My thinking was that if we treated NFL team win totals from the last fifteen years (arbitrary round number within the salary cap era) as a standard distribution, we could just base the probability on the Z-score for 16 wins. This is problematic for a few reasons: 1) A normal distribution shouldn't have such a limited number of discrete values; 2) a normal distribution should not have reachable limits (i.e. 0 wins and 16 wins); 3) using a normal distribution assumes win totals less than zero and greater than 16 are possible; 4) this is not a normal distribution, but it's not horribly bad either:
Over the last fifteen years, the standard deviation for NFL team wins was 2.96 and has not varied much from year-to-year or decreased because of the salary cap / revenue sharing.
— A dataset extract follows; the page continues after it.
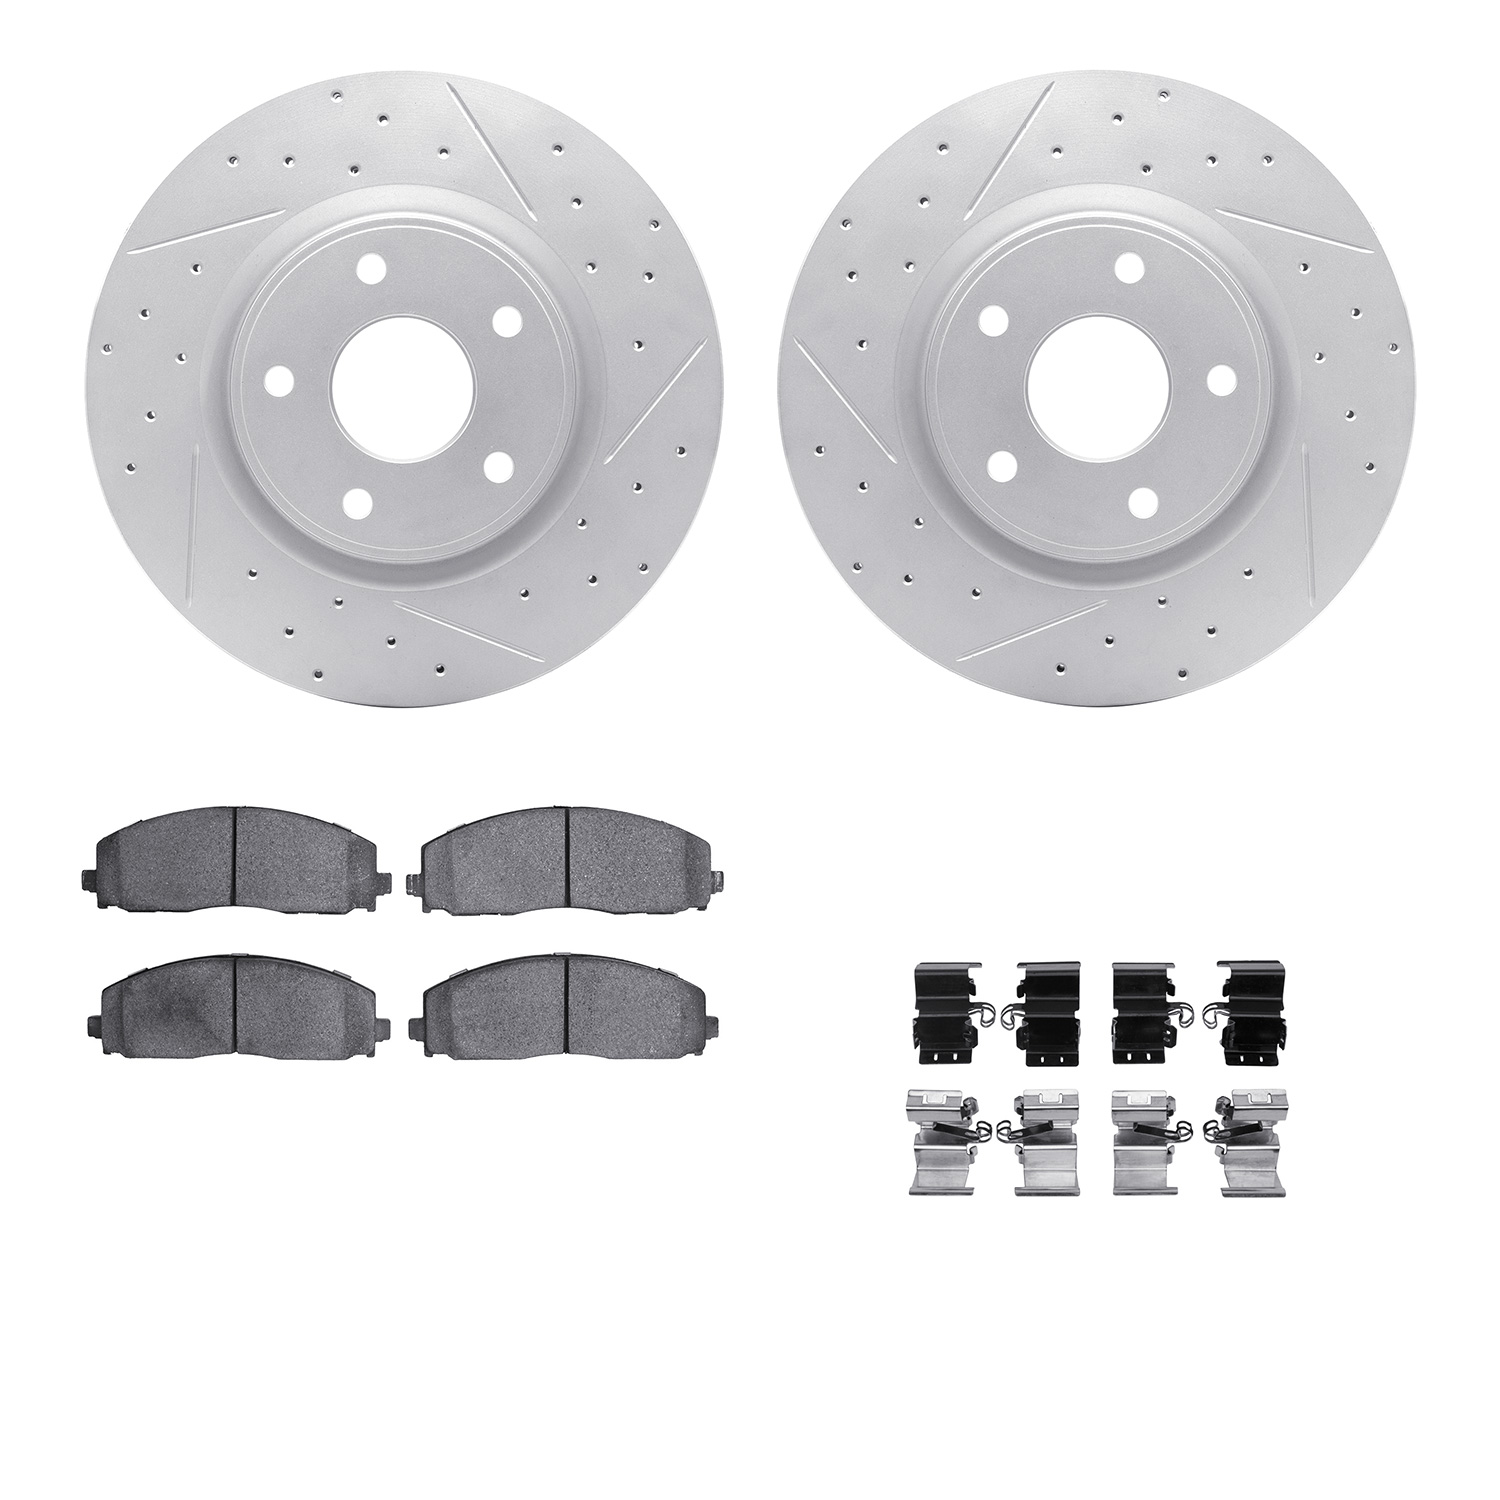 2512-40093 Geoperformance Drilled/Slotted Rotors w/5000 Advanced Brake Pads Kit & Hardware, Fits Select Multiple Makes/Models, P

So what does this caveat-loaded analysis tell us? 16 wins represents a Z-score of 2.70, or a probability of 0.35%, or about 1 in 285 NFL team seasons. Divide by 32 teams, and you get about a one-in-nine year event. Again, though, this is actually the probability of a team winning 16 or more games because I don't know enough about statistics to account for a reachable upper-limit, nor do I know how much this flaw distorts the result.
So Troy, the answer to your question is, I don't know, and I was probably the wrong guy to ask.
2 comments:
Tell me this much, stat geek. How incredible was the Dolphins' season this year?
The 0-16 Lions just made Troy Aikman's head explode.